Program Model and Services

Core components include regular prenatal and postnatal home visits, developmental screenings (linked to tools endorsed by American Academy of Pediatrics guidance), parenting education, and referrals to services provided by agencies such as Substance Abuse and Mental Health Services Administration, Department of Veterans Affairs, and Department of Education local offices. Delivery occurs through collaborations with nonprofits like United Way of America, faith‑based providers such as Catholic Charities, and municipal health systems in cities like Cleveland and Detroit. Services align with indicators used by researchers at Harvard University, Yale University, Columbia University, Princeton University, and international partners in Canada, United Kingdom, and Australia.

Evidence of Effectiveness

Evaluations by academic institutions and research organizations—including studies from RAND Corporation, Child Trends, University of Missouri, and trials referenced by National Academy of Sciences panels—report mixed to positive impacts on parenting knowledge, early literacy, and school readiness. Outcomes measured mirror metrics used in longitudinal studies at Harvard Center on the Developing Child, Carnegie Corporation, Brookings Institution analyses, and cohort work affiliated with Johns Hopkins University and University of Chicago.

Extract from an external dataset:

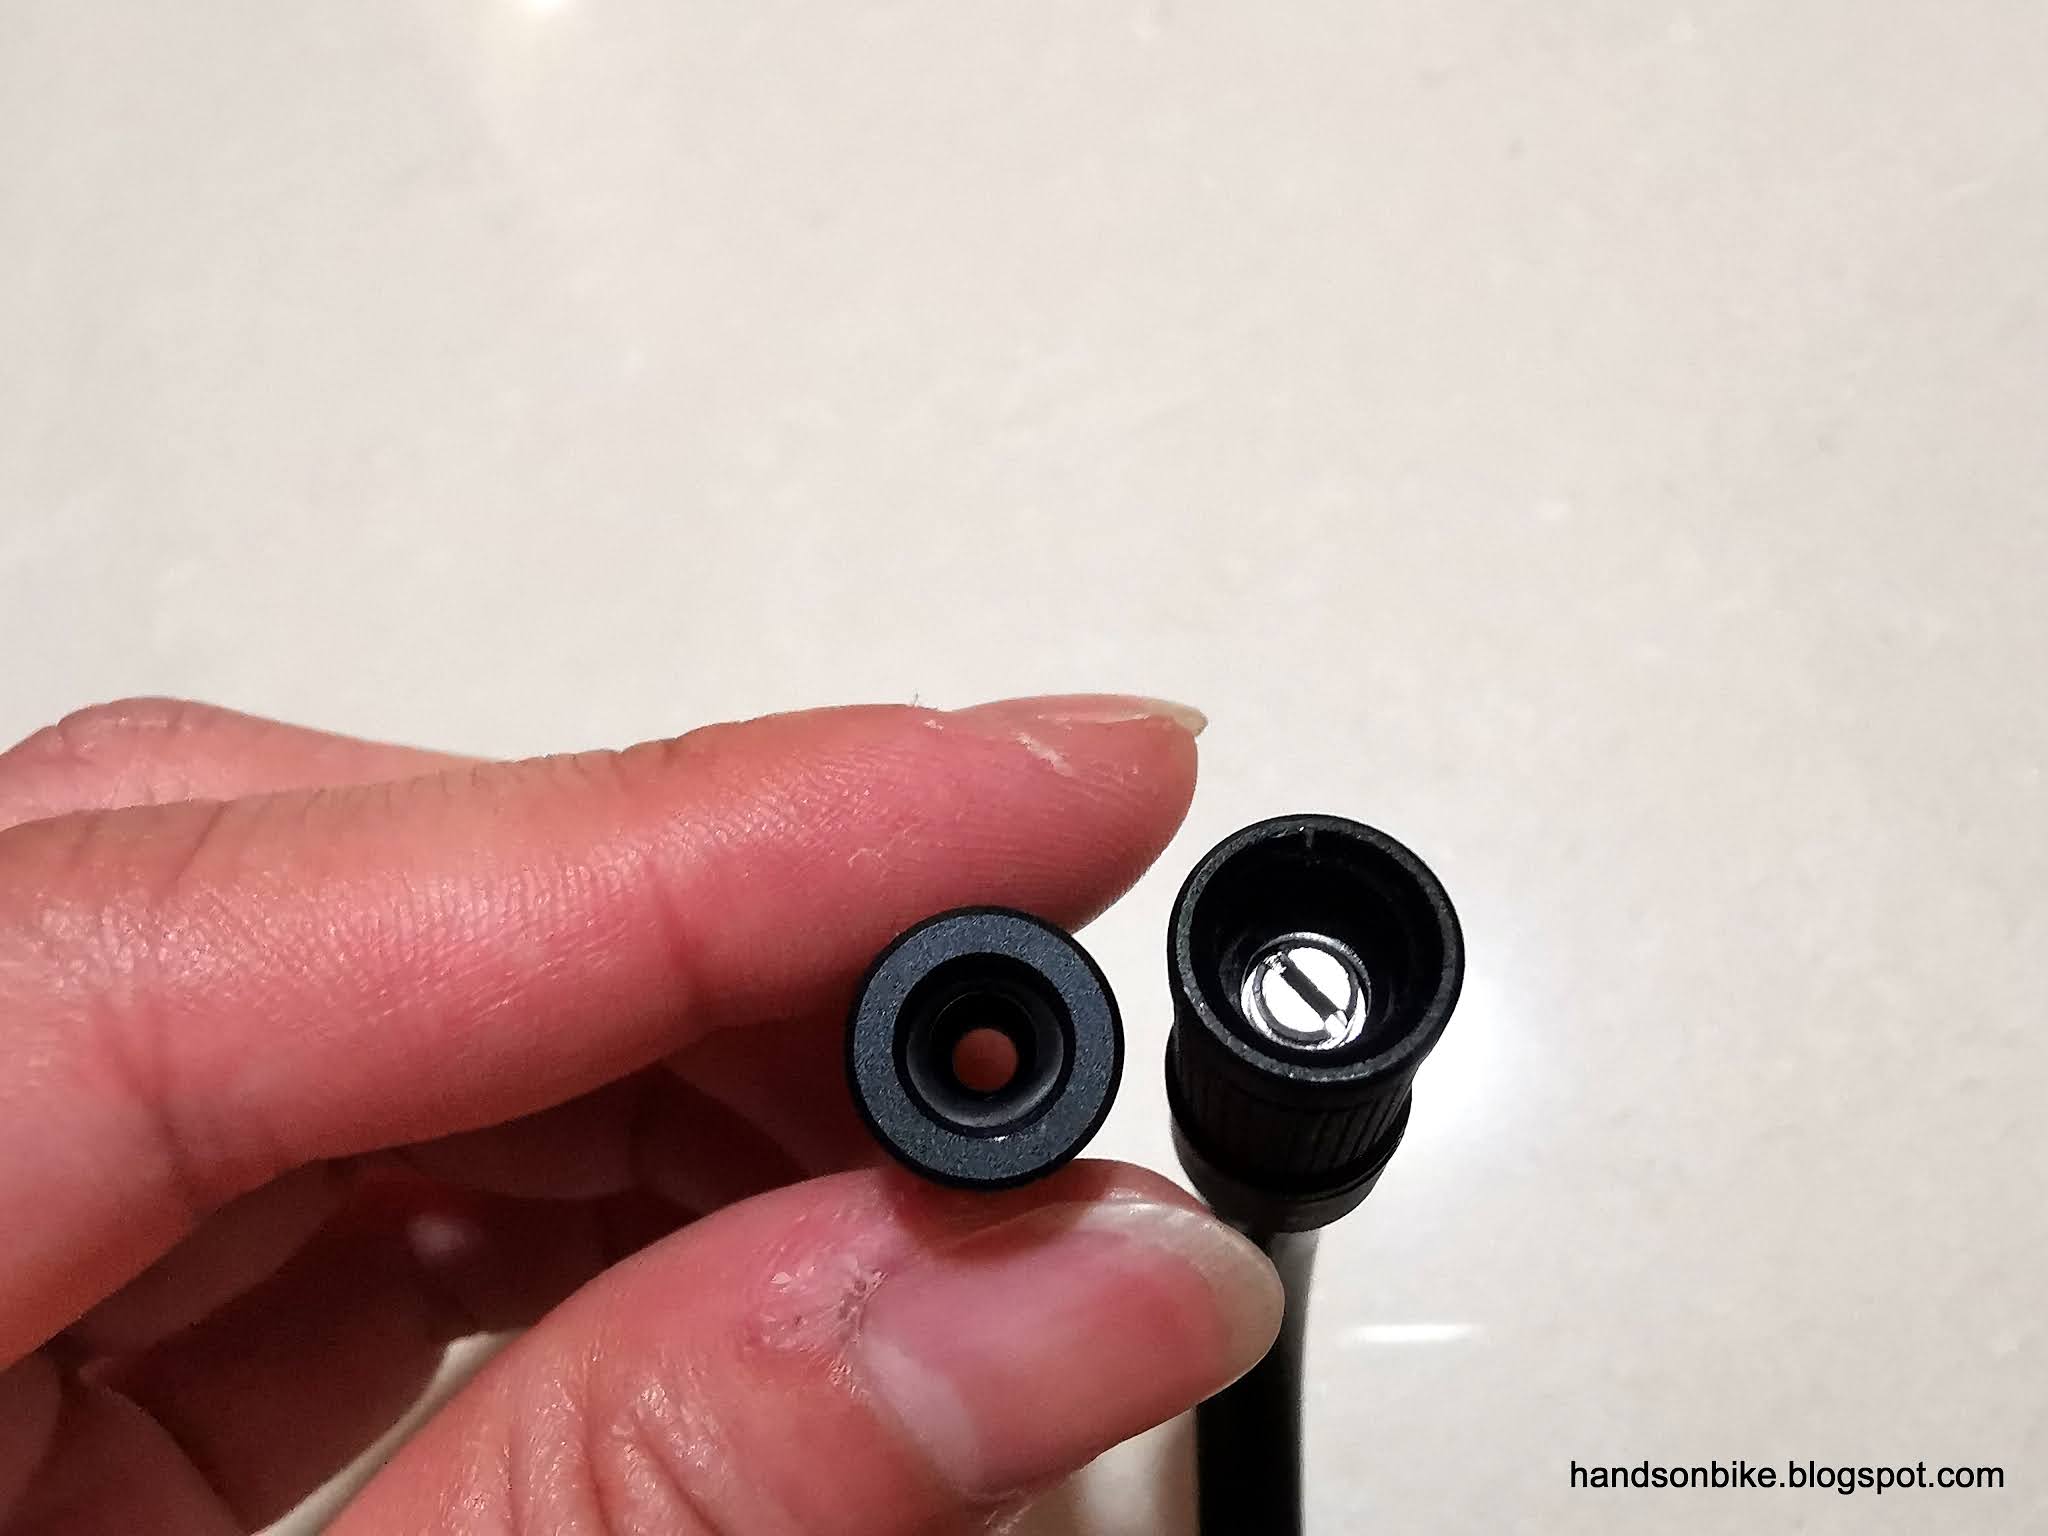 Hands On Bike: Xiaomi Portable Air Pump

Meta‑analyses comparing models such as those from Nurse-Family Partnership and Early Head Start provide context for effect sizes on child development, maternal depression, and child maltreatment rates referenced in reports by Office of Management and Budget and researchers at Rutgers University.

Implementation and Funding

Implementation occurs through local affiliates, state agencies, and community partners including United Way, Catholic Charities USA, YMCA, and county health departments, often funded by mixed streams: private philanthropy from foundations such as Bill & Melinda Gates Foundation, Robert Wood Johnson Foundation, Annie E. Casey Foundation, federal grants from Administration for Children and Families, state early childhood funds administered through governors’ offices (e.g., California Governor's Office of Early Childhood Development), and Medicaid waivers in states like New York and California. Partnerships with universities (for training and evaluation) and collaborations with research bodies such as Mathematica Policy Research and Urban Institute support continuous improvement, while local school districts and community colleges provide workforce pipelines.

Criticisms and Limitations

Critiques mirror those of many home‑visiting models: variability in fidelity across affiliates, mixed results in randomized evaluations similar to debates around Nurse-Family Partnership outcomes, challenges reaching marginalized populations comparable to disparities discussed in studies from Brookings Institution and Urban Institute, and funding instability tied to shifting priorities in United States Congress and state legislatures. Additional limitations noted by scholars at Yale University and Harvard University include scalability constraints, workforce training needs addressed in programs at Teachers College, Columbia University, and measurement gaps echoed in systematic reviews by Cochrane Collaboration and policy briefs from Kaiser Family Foundation.